======== DATA PROVIDED

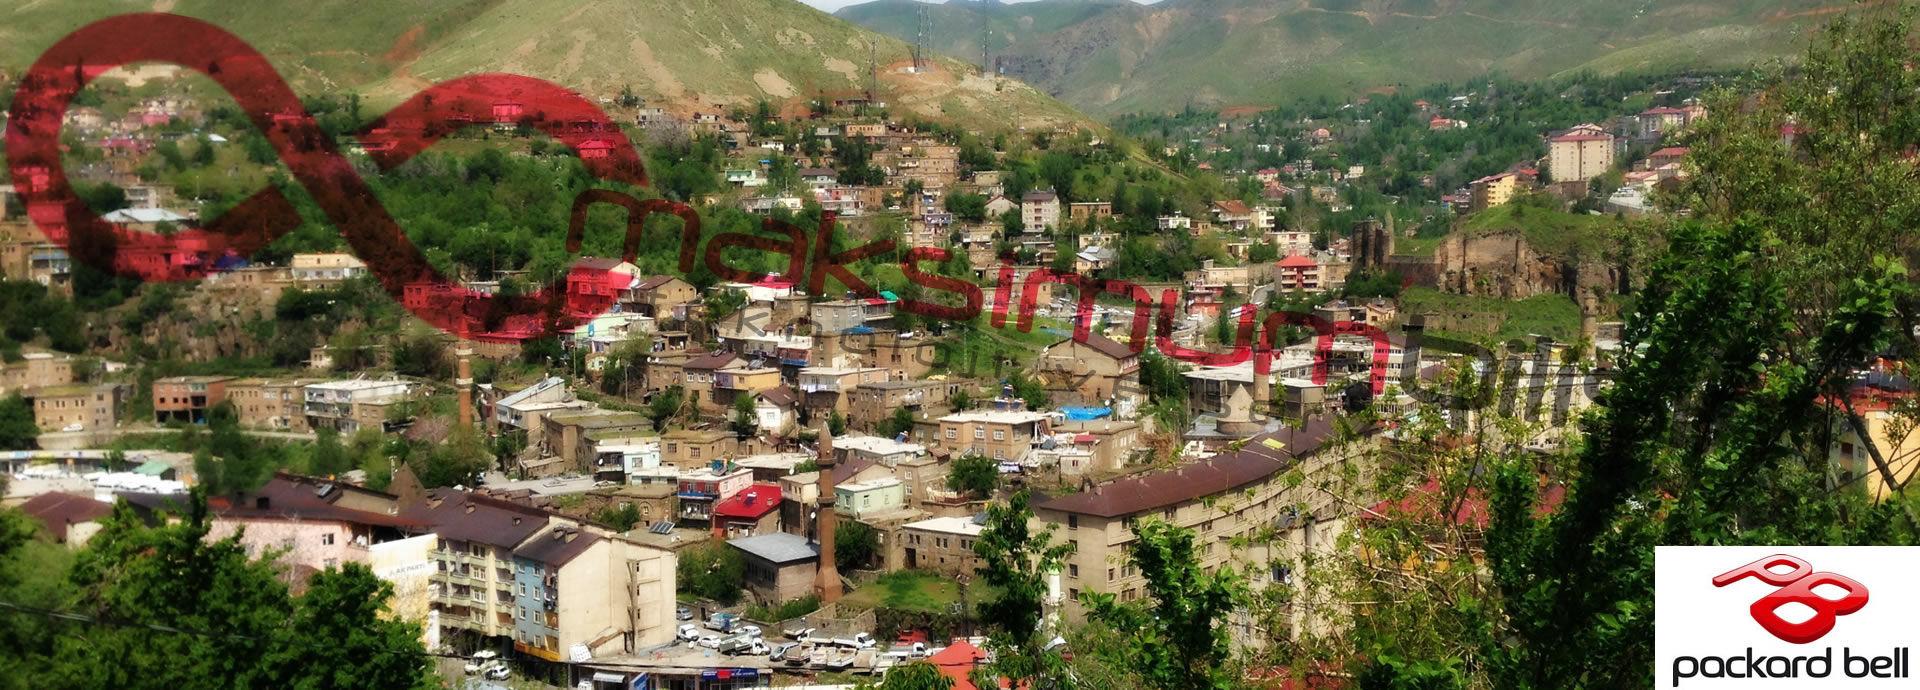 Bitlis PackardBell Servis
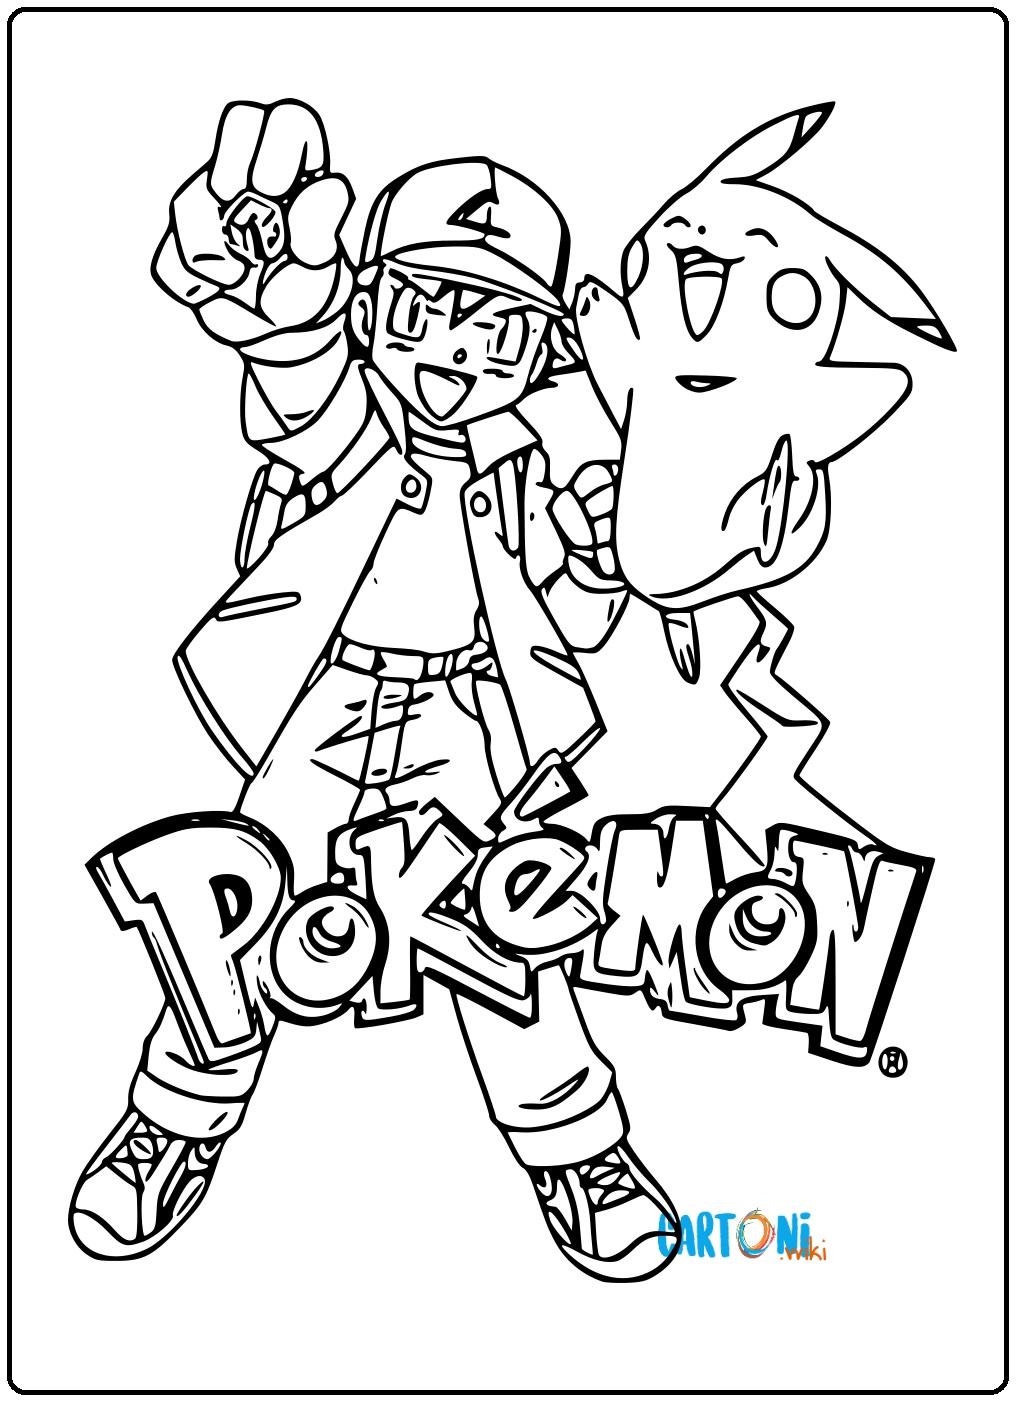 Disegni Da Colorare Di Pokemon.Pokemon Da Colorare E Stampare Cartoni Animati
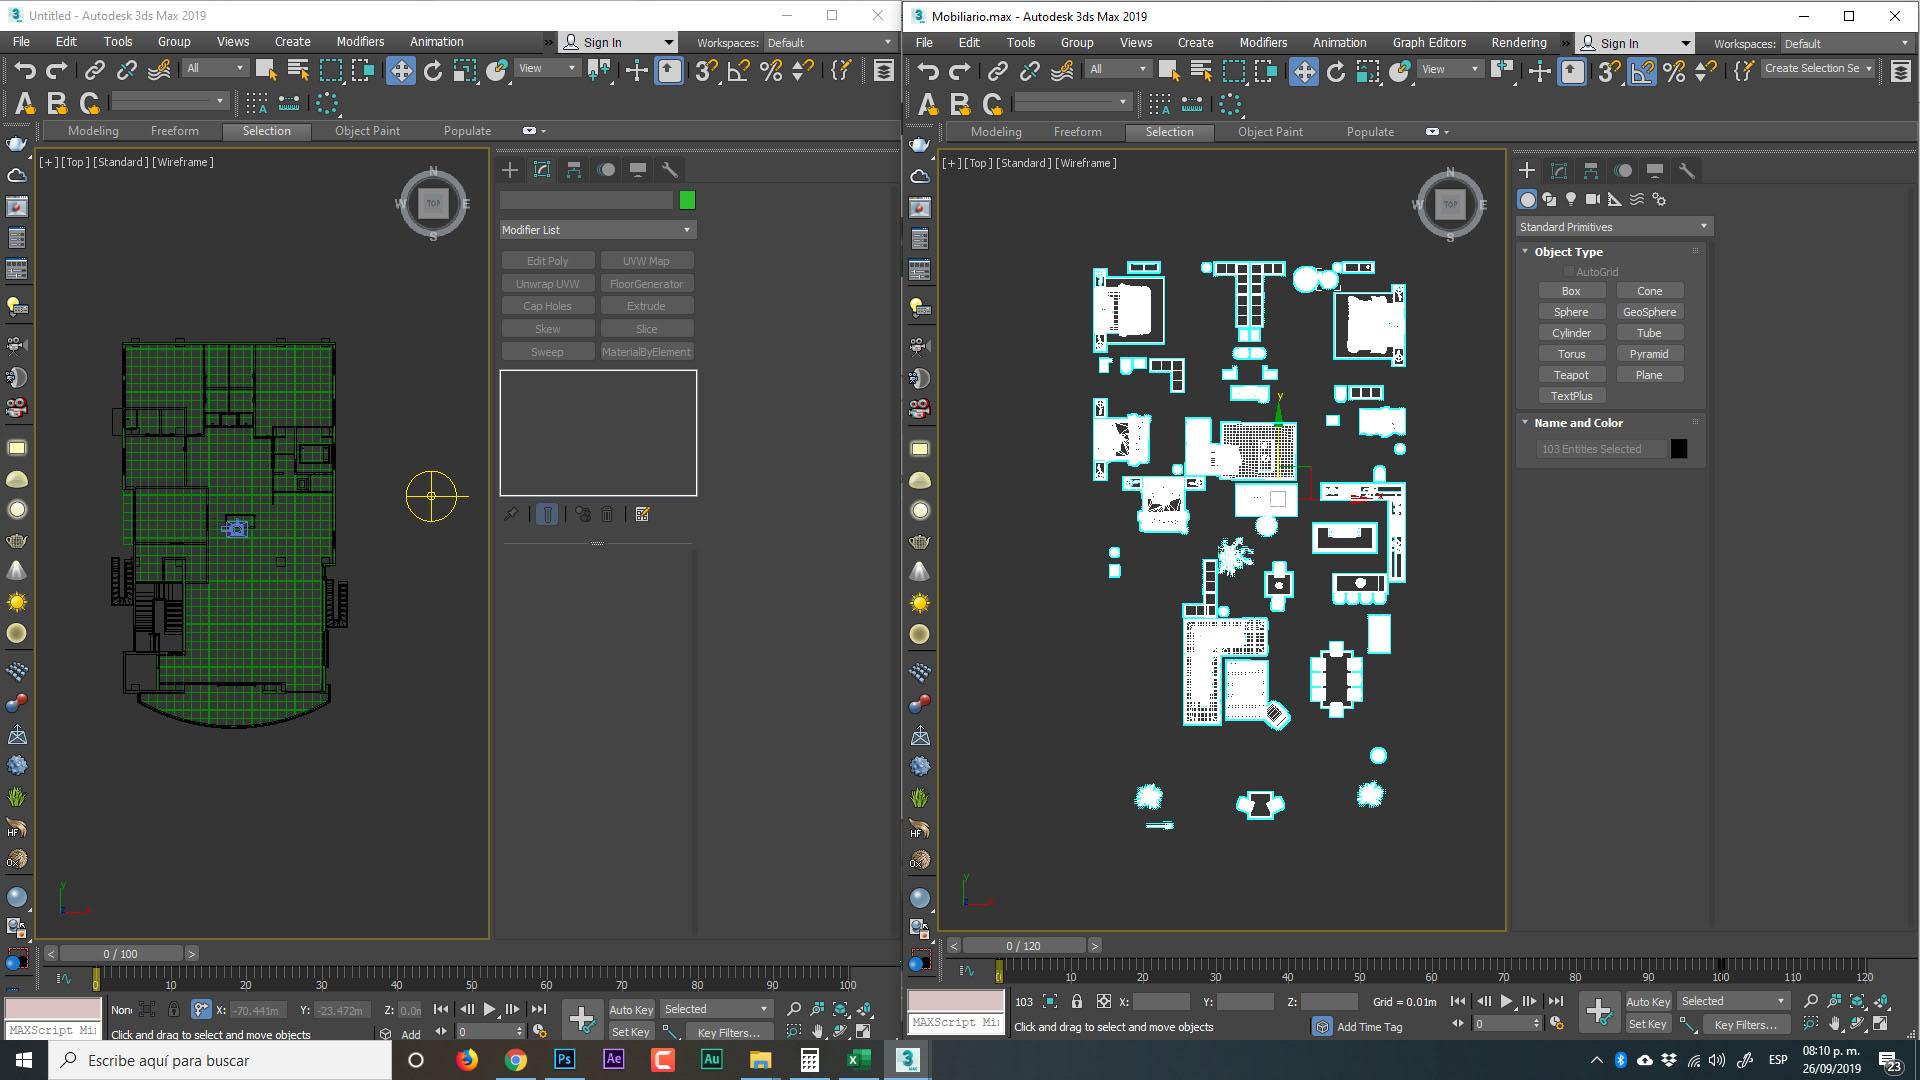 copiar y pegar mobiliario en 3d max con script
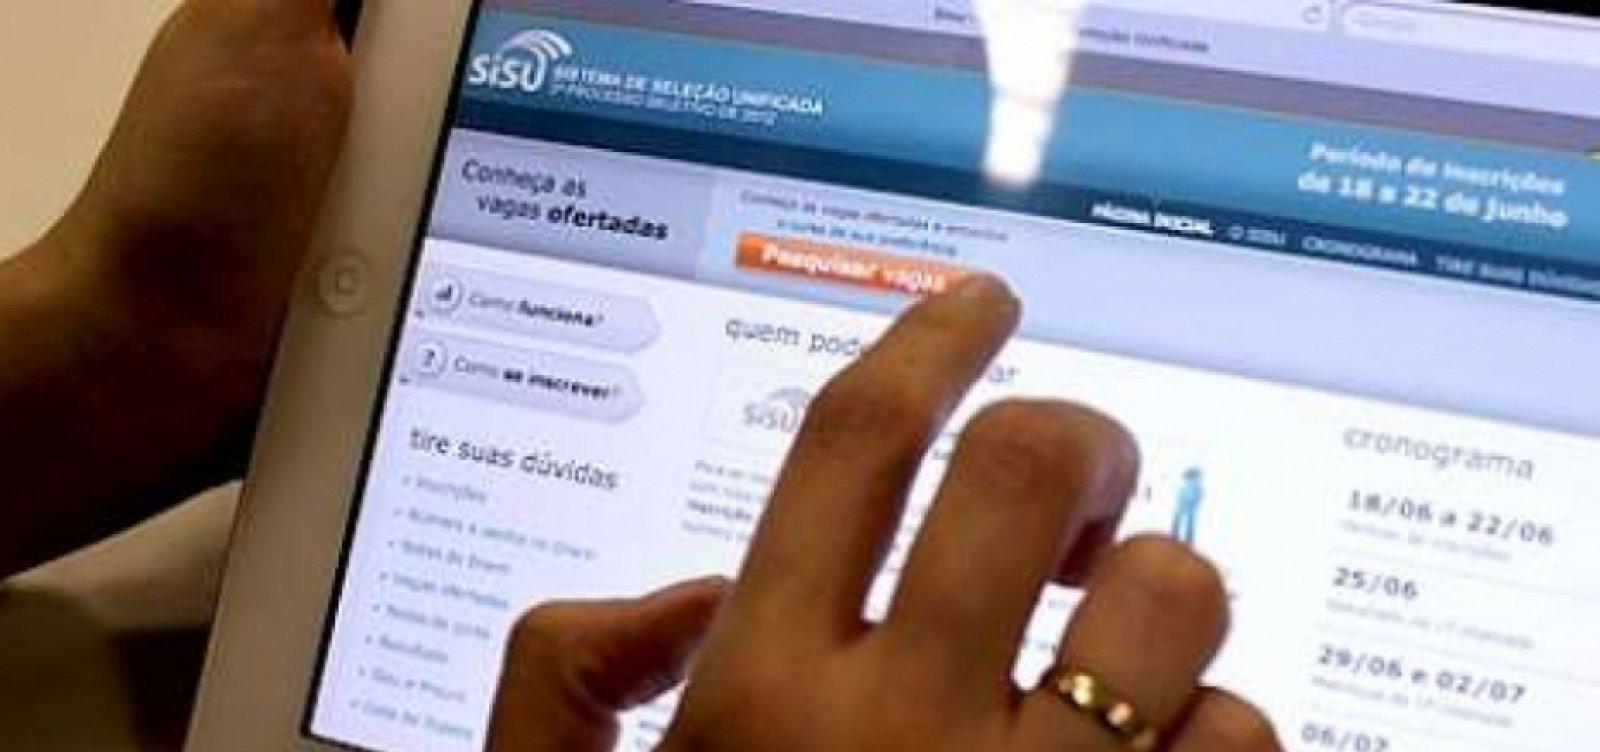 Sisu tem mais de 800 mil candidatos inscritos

================

HOW TO COMPLETE THIS TASK – Your copy of the data should match it exactly, apart from the images, which are omitted.

WRITTEN ANSWER –
 Bitlis PackardBell Servis
 Disegni Da Colorare Di Pokemon.Pokemon Da Colorare E Stampare Cartoni Animati
 copiar y pegar mobiliario en 3d max con script
 Sisu tem mais de 800 mil candidatos inscritos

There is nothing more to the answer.